Data from recent earnings calls supports the thesis. Amphenol's Q2 2024 AI revenue grew 50% YoY. Luxshare reported a 60% jump in data center interconnects. TE Connectivity's data and devices segment grew 8% but guided 20% next quarter. The order books are swelling. Yet the stock prices haven't reflected it. Why? Because retail money is chasing AI tokens and NVIDIA from the top. Smart money accumulates copper quietly.
This is classic market structure. In 2017, during the ICO mania, I analyzed the code of The DAO. The aesthetic symmetry of its smart contract architecture drew me in. But the market ignored flawless code for flawed tokens. The same dynamic: the crowd ignores the aesthetic efficiency of copper's simplicity. They want the shiny optical promise. They forget that deployment timelines matter. A copper cable is plug-and-play. An optical module requires certification, cleaning, polarity checks. In a buildout where time to revenue is critical, copper wins.
Contrarian
The mainstream narrative is bullish on optical. Every crypto AI token pitches "decentralized GPU networks" and "optical interconnects." The marketing is beautiful. But look at the on-chain data: the top AI token by market cap (Render) has 30% of its supply staked. That's not real demand – it's a yield play. Meanwhile, the actual hardware supply chain is getting funded with real cash flow.
Regulation also plays a role. Hong Kong's virtual asset licensing push is often framed as pro-innovation. It's not. It's about stealing Singapore's status as Asia's financial hub. Similarly, the copper vs. optical debate is framed as legacy vs. future. It's not. It's about near-term economics vs. long-term vision. Smart money plays both sides, but the entry point is now for copper.
My ISFP nature leans toward the aesthetic – clean code, clean signals. Copper is dirty. It's heavy. It's not photogenic. But the data is clean. The on-chain ledger of industrial orders shows a clear upcurve. Ignore the Discord noise. Trust the data.
Takeaway
FOMO is a tax on the unobservant. The tax here is buying optical stocks at peak hype. The alternative: accumulate copper connectors with strong order books and reasonable multiples. Watch for the moment when AI tokens pump 20% on a tweet – that's the signal to rotate into the picks and shovels.

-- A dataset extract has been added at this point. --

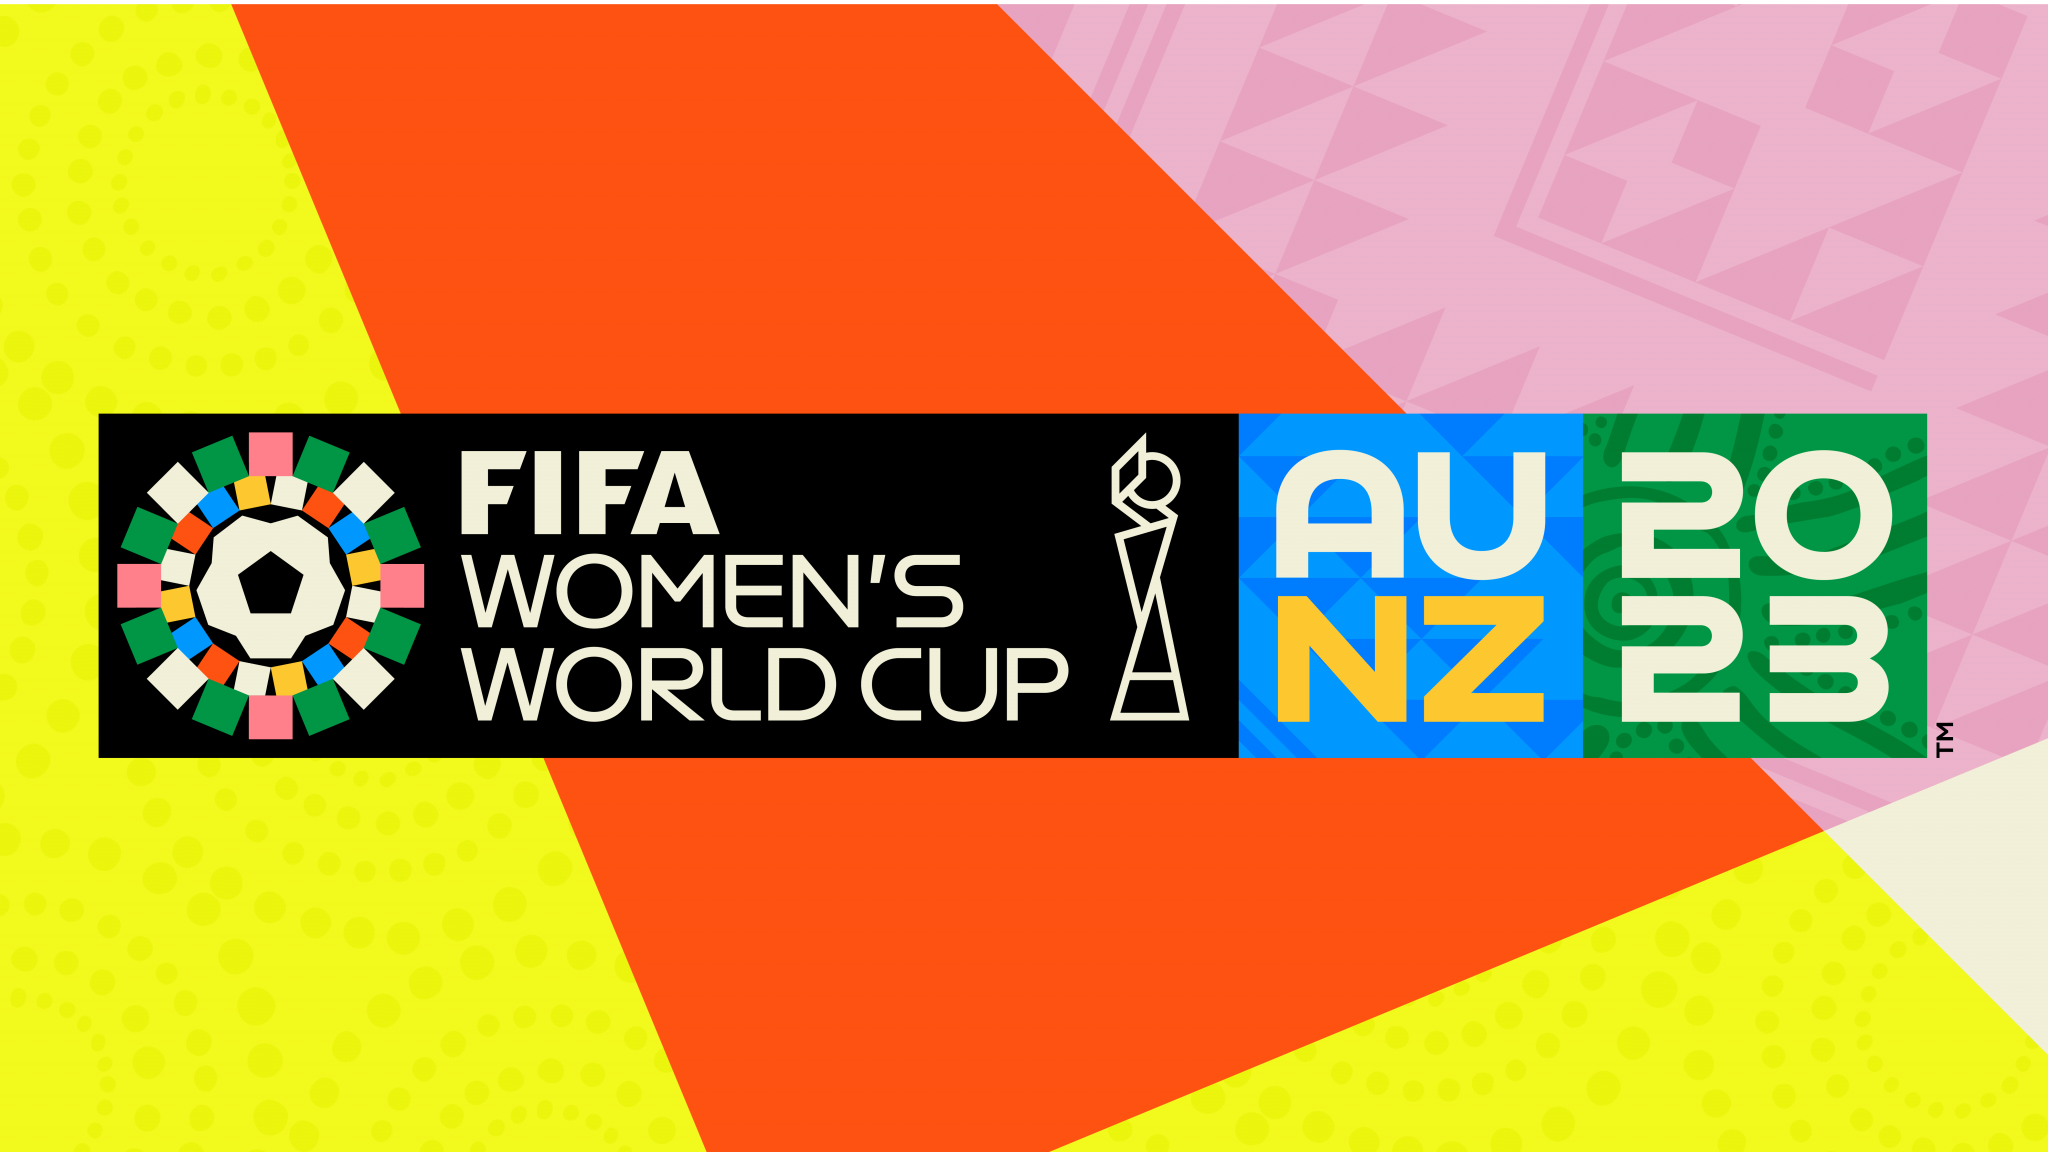 "Beyond Greatness" unveiled as new 2023 FIFA Women's World Cup slogan to headline competition's brand identity

If you're long-term, the copper window is 12-24 months. After that, optical modules (especially CPO) will take over. But in trading, you don't marry the bag. You respect the cycle. The current cycle is copper. Charts lie. Liquidity speaks. The liquidity is in copper supply chains. Listen.
Based on my experience auditing smart contract aesthetics and running quant strategies, the same pattern emerges: infrastructure plays first, applications later. The $70 billion AI network market is real. The copper players are undervalued. The trade is simple: buy the connectors, ignore the hype, collect the alpha.